Leave the pictures out and print, word for word, the lines below from the one with "A white cotton anarkali dress" through the final line.

◆ Raw data ◆
________________________________________

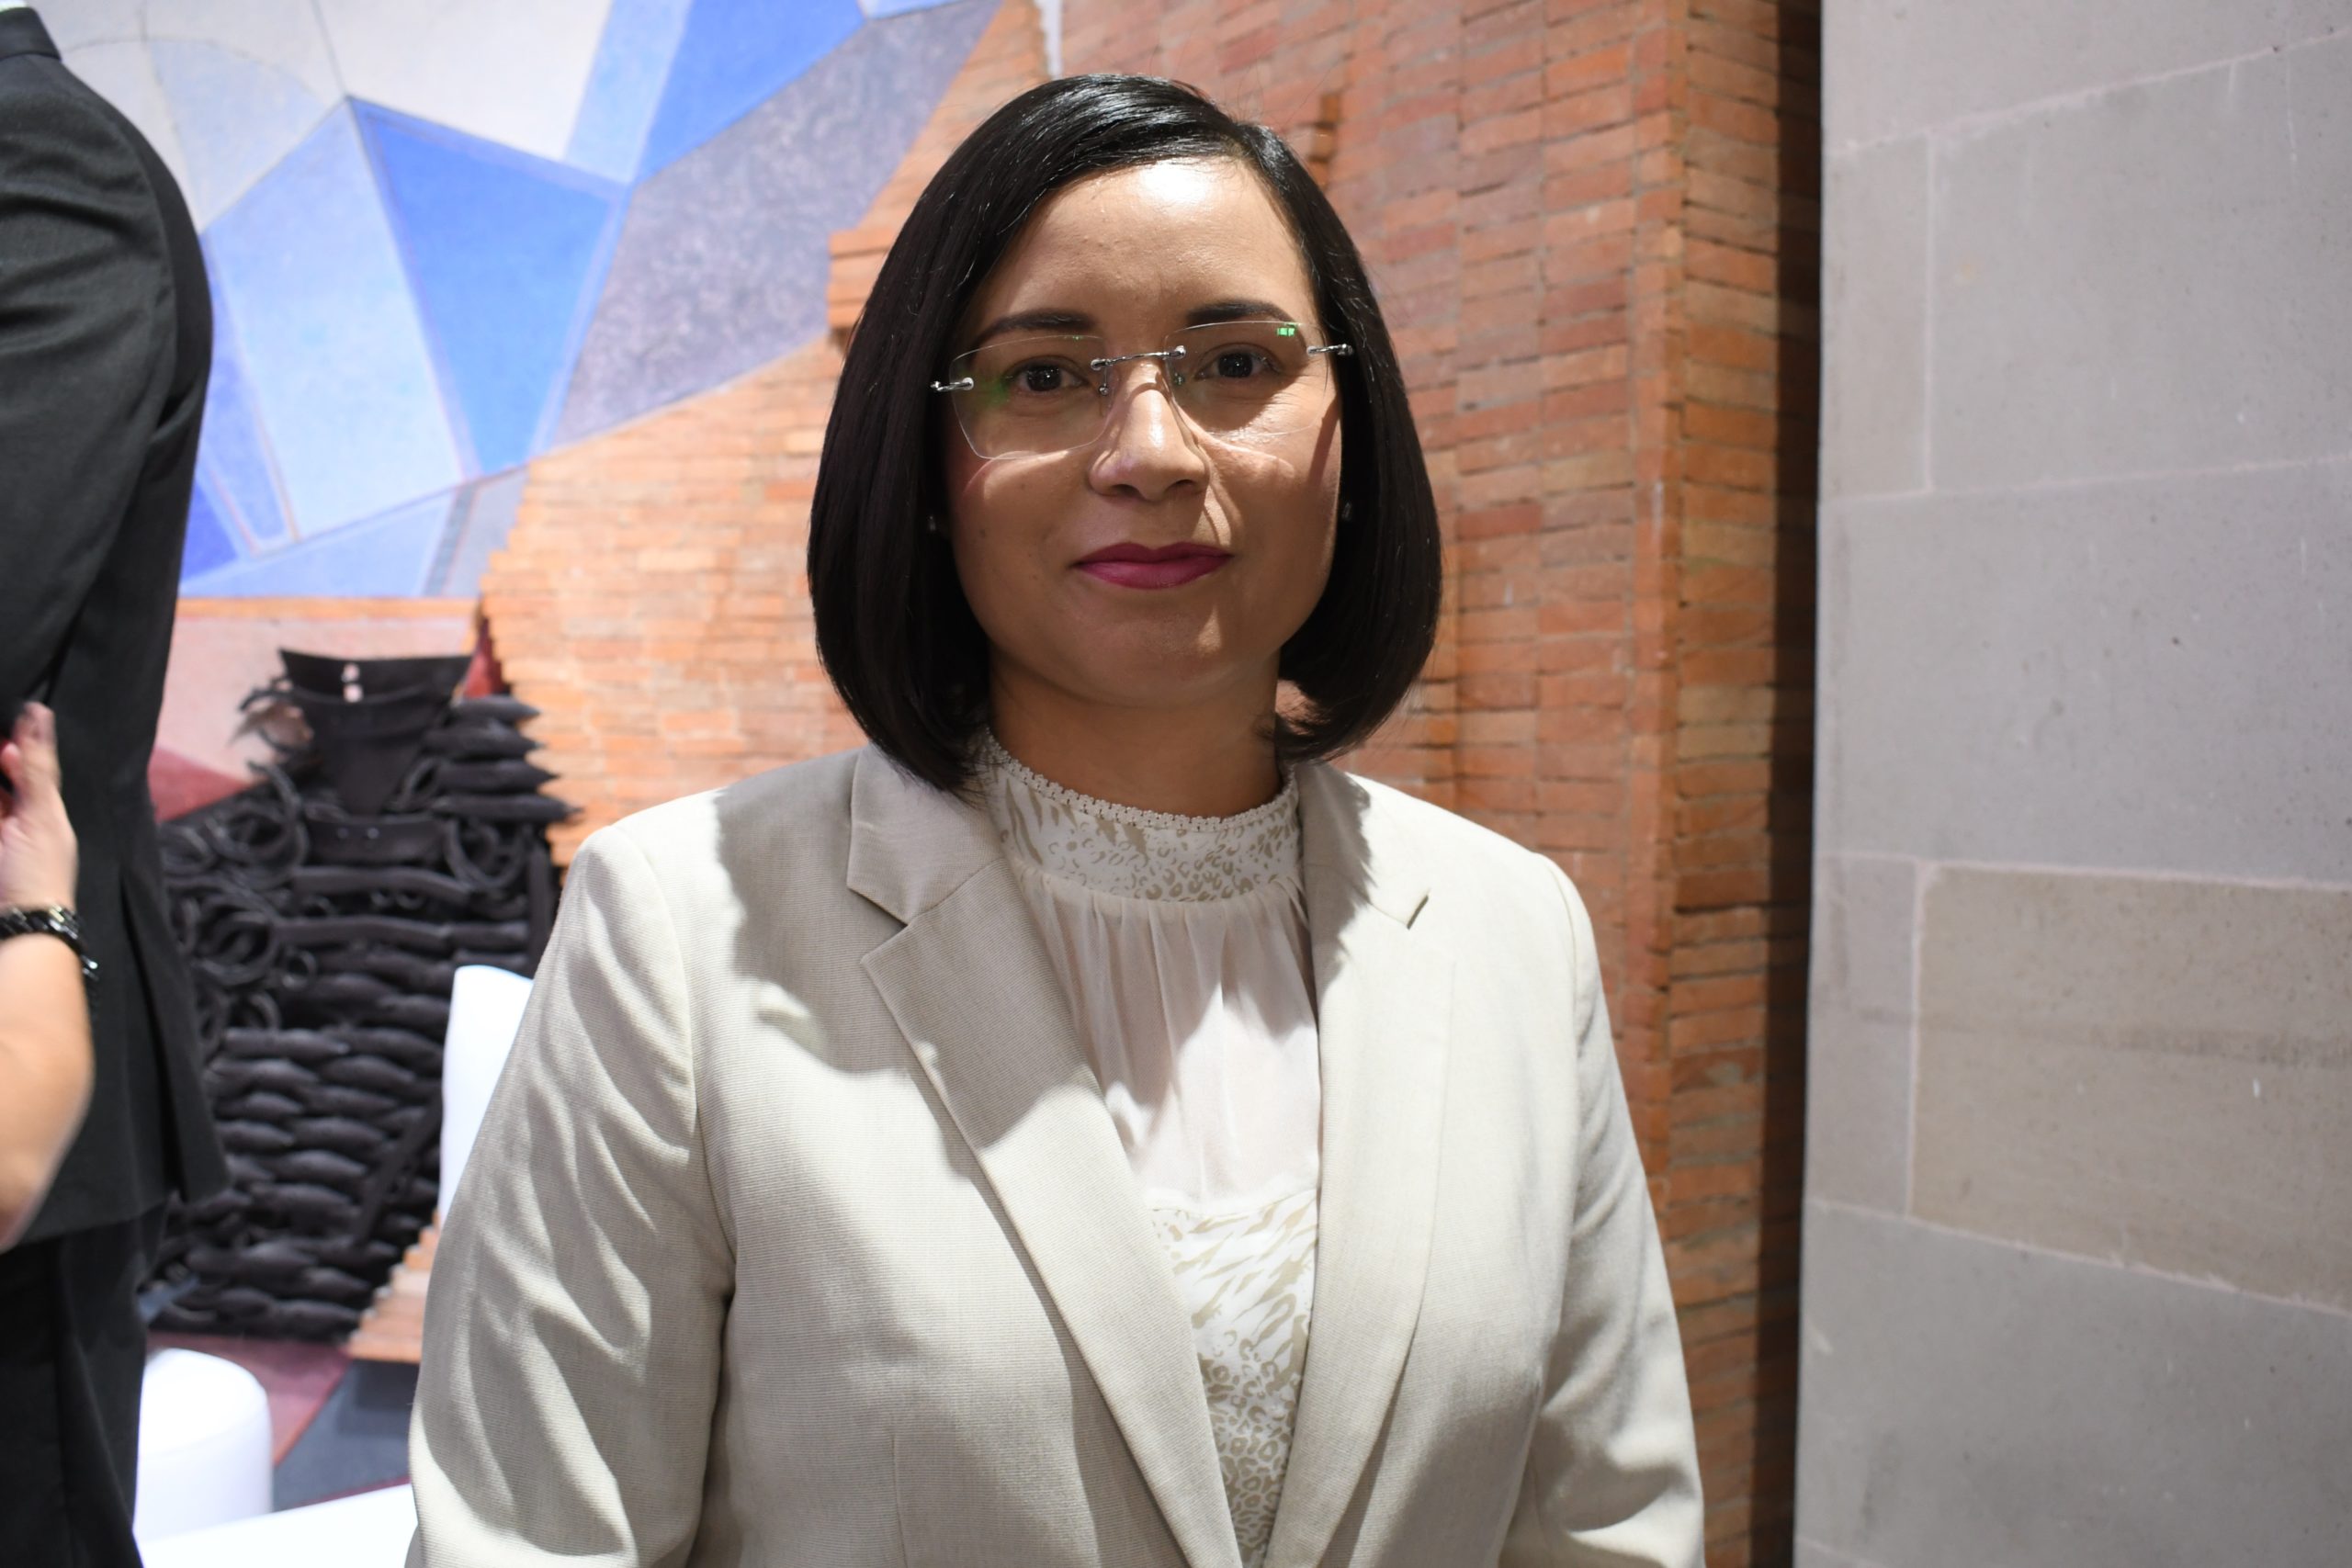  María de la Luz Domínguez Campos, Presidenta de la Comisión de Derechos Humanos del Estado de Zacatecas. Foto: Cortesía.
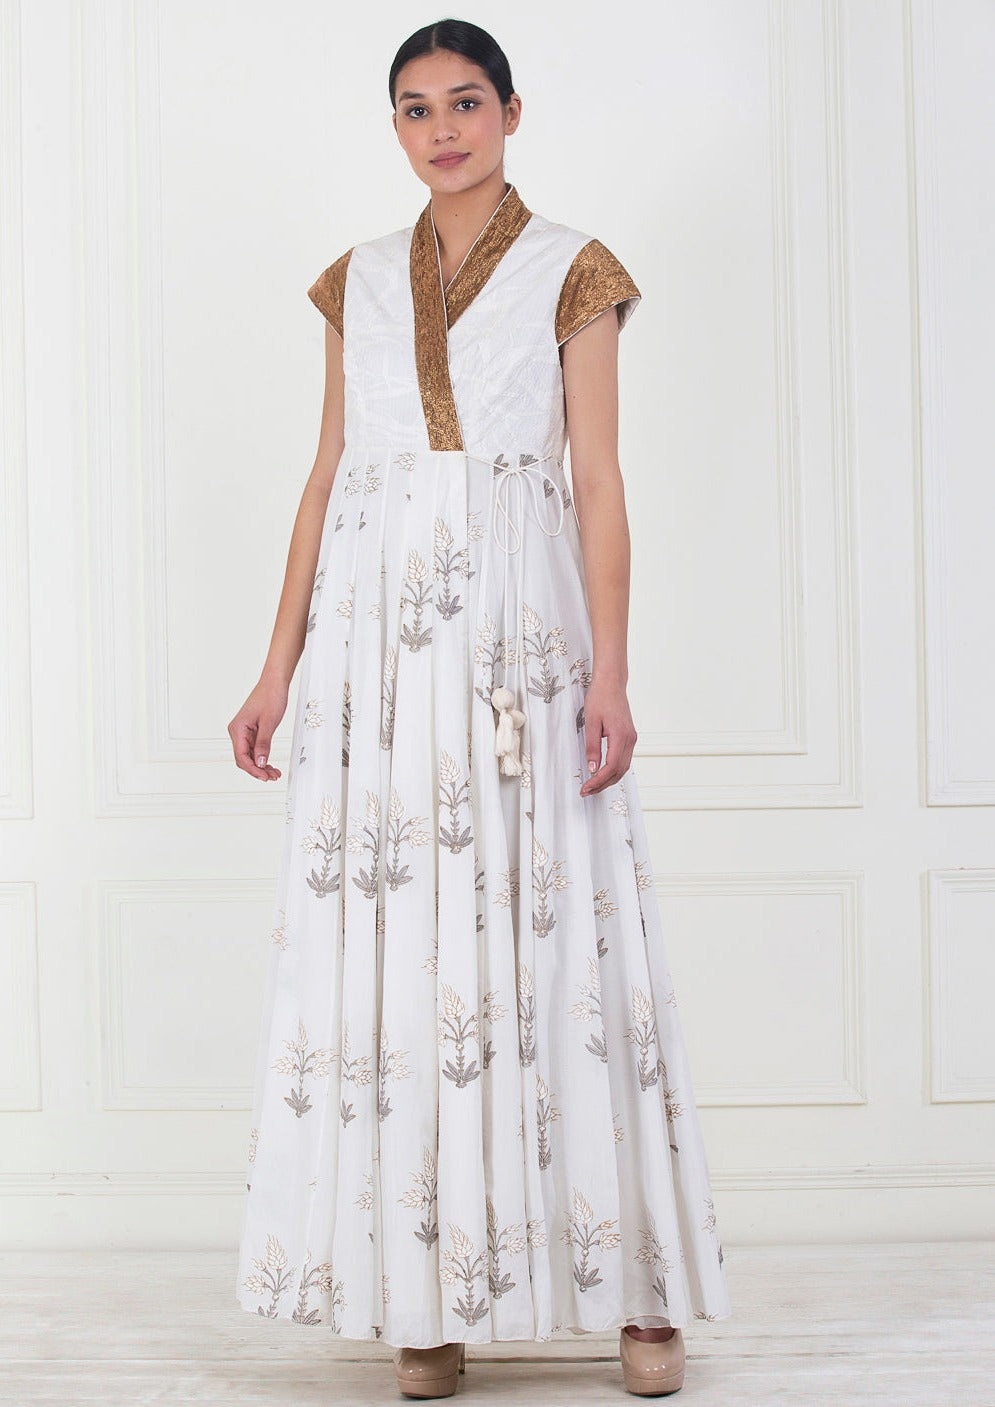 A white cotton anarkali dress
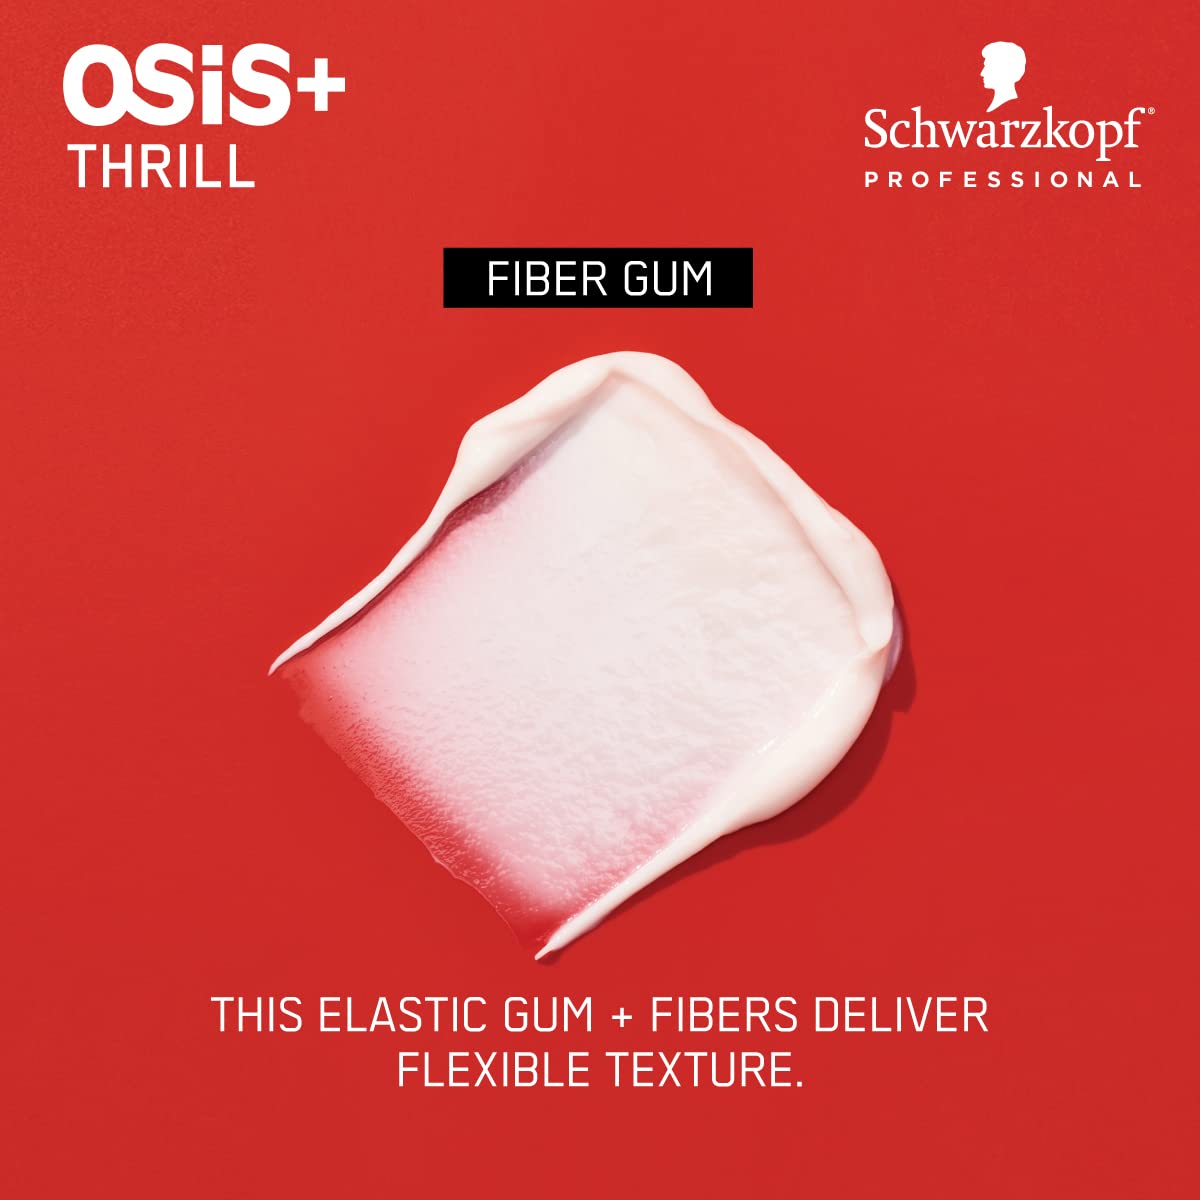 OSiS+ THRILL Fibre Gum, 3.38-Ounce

________________________________________

◆ Completed exercise ◆
 A white cotton anarkali dress
 OSiS+ THRILL Fibre Gum, 3.38-Ounce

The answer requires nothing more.